Department of Cardiology, Rigshospitalet, Copenhagen University Hospital, Copenhagen, Denmark.

Department of Endocrinology, Herlev and Gentofte University Hospital, Herlev, Denmark.

出版信息

J Card Fail. 2025 Aug;31(8):1118-1126. doi: 10.1016/j.cardfail.2024.11.010. Epub 2024 Dec 11.
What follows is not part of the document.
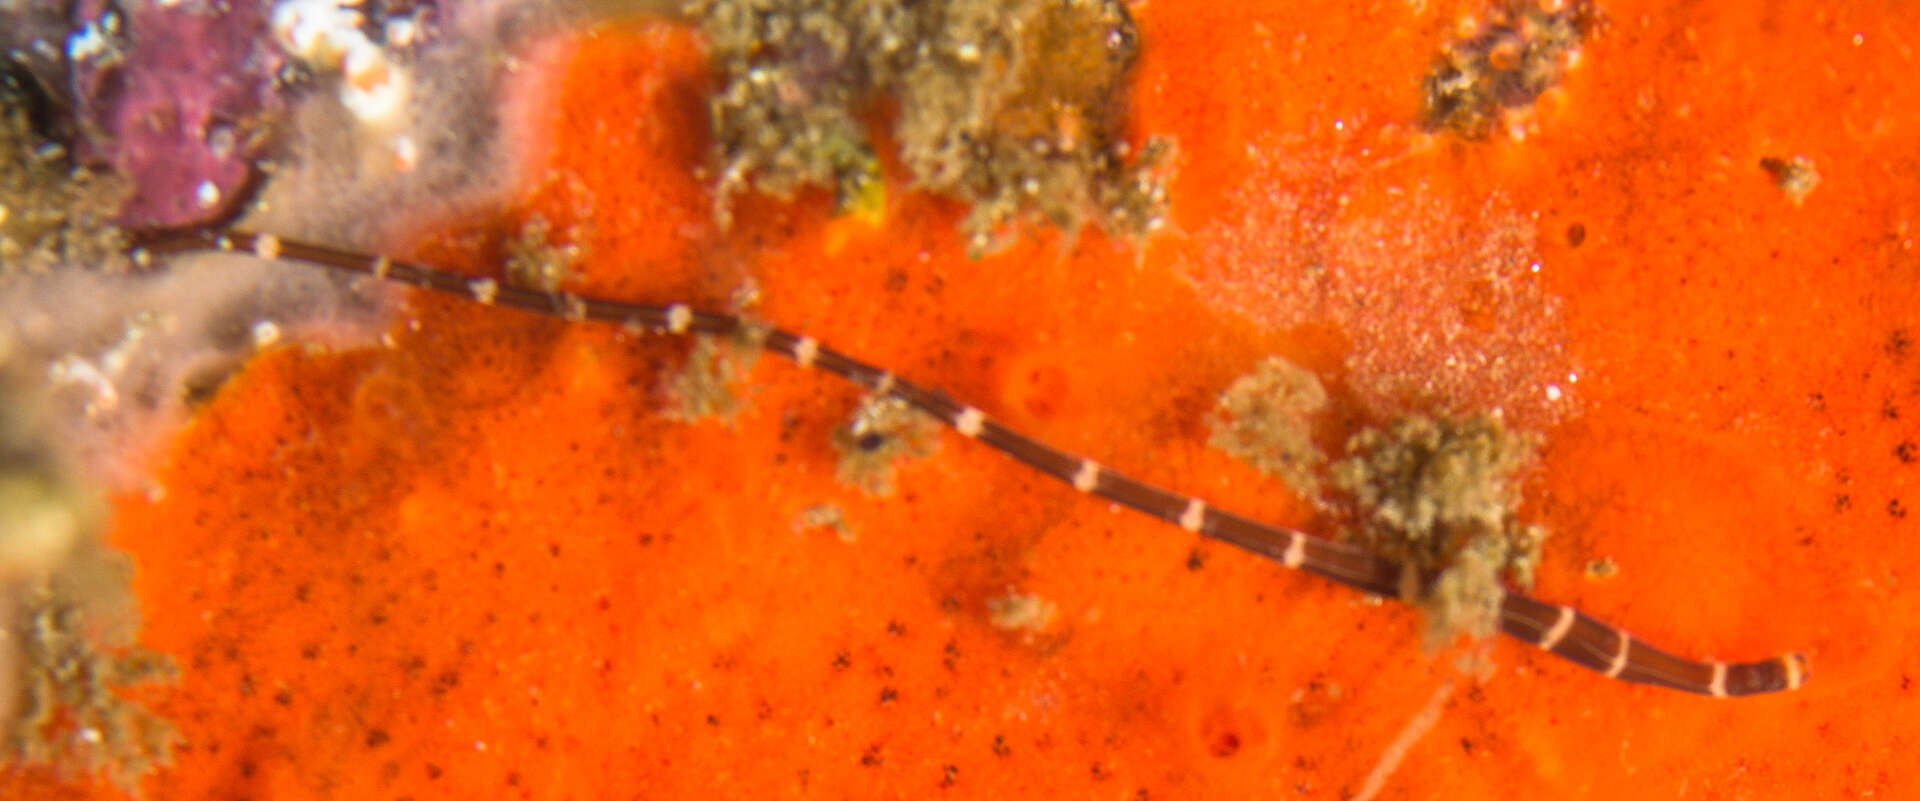 Image of football Jersey worm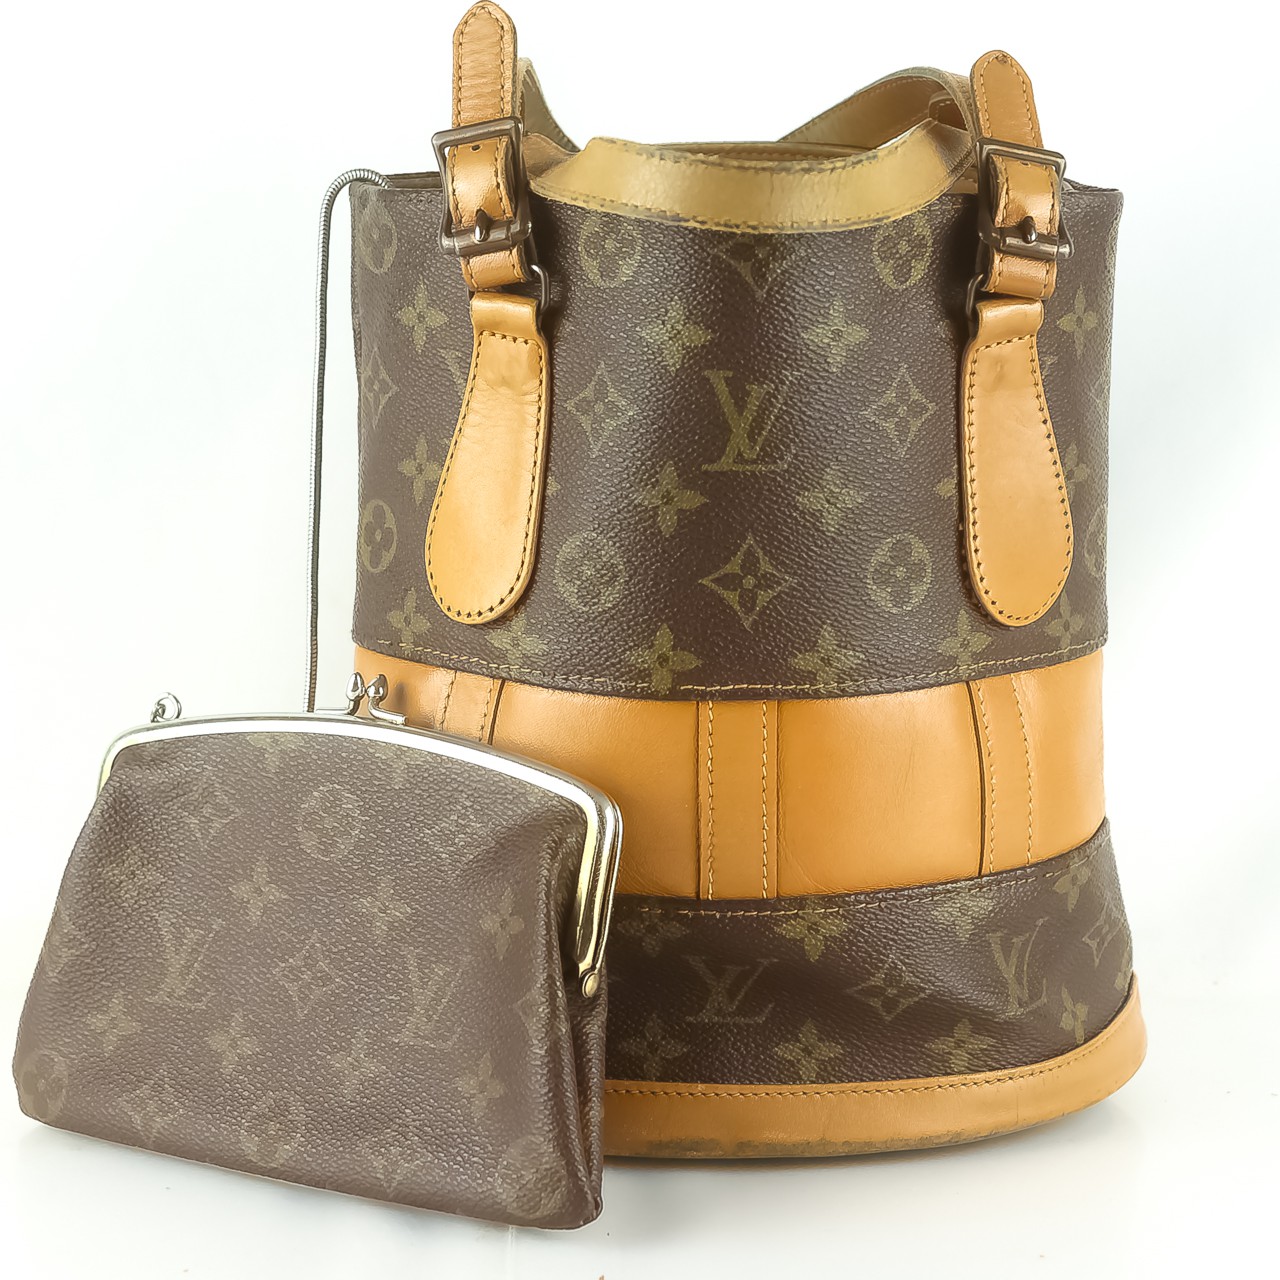 LOUIS VUITTON ルイヴィトン バケツ型トートバッグ バケット

DOI:10.1016/j.cardfail.2024.11.010
PMID:39672532
Abstract

BACKGROUND

There is a paucity of data on the prognostic impact of thyroid dysfunction in patients with heart failure (HF). We aimed to examine the association between these 2 conditions in a nationwide cohort of patients with HF.

METHODS

This Danish cohort study evaluated the thyroid function of patients diagnosed with first-time HF from 2000-2021. Patients were categorized according to laboratory-based thyroid-function values (euthyroid, overt/subclinical hypothyroidism or hyperthyroidism) recorded within 1 year before the HF diagnoses. The primary outcome was a composite of mortality and hospitalization due to HF, examined using the cumulative incidence function. Cox proportional hazard analysis adjusted for major comorbidities was performed to investigate differences in outcomes among groups.

RESULTS

Of the 58,067 individuals included in this study (43.9% female, median age 75.7 years [p25-p75:66.4-83.5]), 54,319 (93.6%) were euthyroid, 1669 (2.9%) had subclinical hypothyroidism, 239 (0.4%) had overt hypothyroidism, 1633 (2.8%) had subclinical hyperthyroidism, and 207 (0.4%) had overt hyperthyroidism. Compared with euthyroid patients, the adjusted 1-year HR of the composite outcome was 1.11 (95% CI, 1.02-1.20) in patients with subclinical hypothyroidism, 1.24 (95% CI, 1.02-1.51) in patients with overt hypothyroidism, 1.06 (95% CI, 0.98-1.15) in patients with subclinical hyperthyroidism, and 1.27 (95% CI, 1.00-1.60) in patients with overt hyperthyroidism. This positive association was driven mainly by the increased mortality rates.

CONCLUSION

In patients with incident HF, the presence of both hypo- and hyperthyroidism up to 1 year prior to HF diagnosis was associated with increased risk of the composite of mortality and hospitalization for HF. Our results demonstrate a high-risk group of patients in need of increased clinical awareness.